Ratatouille Gratin
Serves 6
- 4 Tbs olive oil
- 2 tsp chopped garlic
- 2 tsp chopped fresh thyme
- 1 yellow onion, thinly sliced
- Salt and freshly ground pepper, to taste
- 4 large plum tomatoes, sliced into 1/8-inch 3-mm rounds
- 2 large zucchini, sliced into 1/8-inch 3-mm rounds
- 2 large summer squashes, sliced into 1/8-inch 3-mm rounds
- 1 Japanese eggplant, sliced into 1/8-inch 3-mm rounds
- In a 12-inch 30-cm stainless-steel gratin over medium heat, warm 1 Tbs of the oil.
- Add the garlic and thyme and cook, stirring occasionally, until fragrant, about 1 minute. Transfer to a large bowl and set aside.
- Add another 1 Tbs. of the oil to the gratin and return to medium heat.
- Add the onion and cook, stirring occasionally, until the onions are tender and lightly caramelized, 12 to 15 minutes.
- Remove from the heat, season to taste with salt and pepper, and spread the onions to cover the bottom of the gratin.
- Arrange the tomato slices in a single layer on paper towel–lined plates to absorb any excess liquid.

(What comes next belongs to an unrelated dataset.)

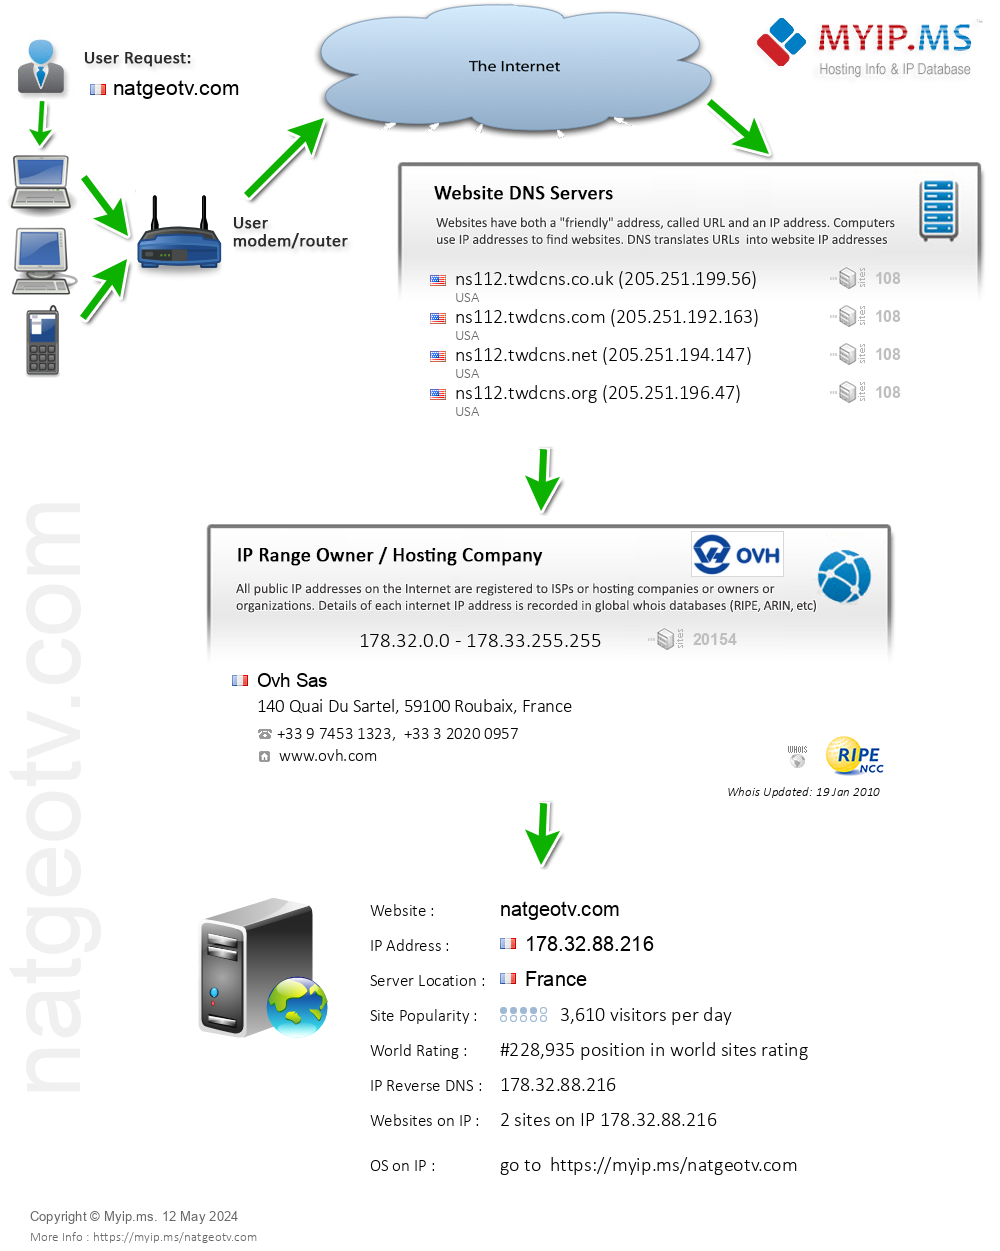 Natgeotv.com - Website Hosting Visual IP Diagram

- Season with salt and pepper. Set aside.
- Add the zucchini, squash and eggplant slices along with remaining 2 Tbs olive oil to the bowl with the garlic-thyme mixture.
- Toss until well combined and season with salt and pepper.
- To build the gratin, arrange overlapping slices of squash, eggplant and tomato, as if they were shingles, around the edge of the gratin. Continue by making a second ring of overlapping vegetable slices inside the first and finish with a row of overlapping slices down the center of the gratin.
- Bake until the vegetables are lightly browned and tender, about 45 minutes.
- Let rest 5 minutes before serving.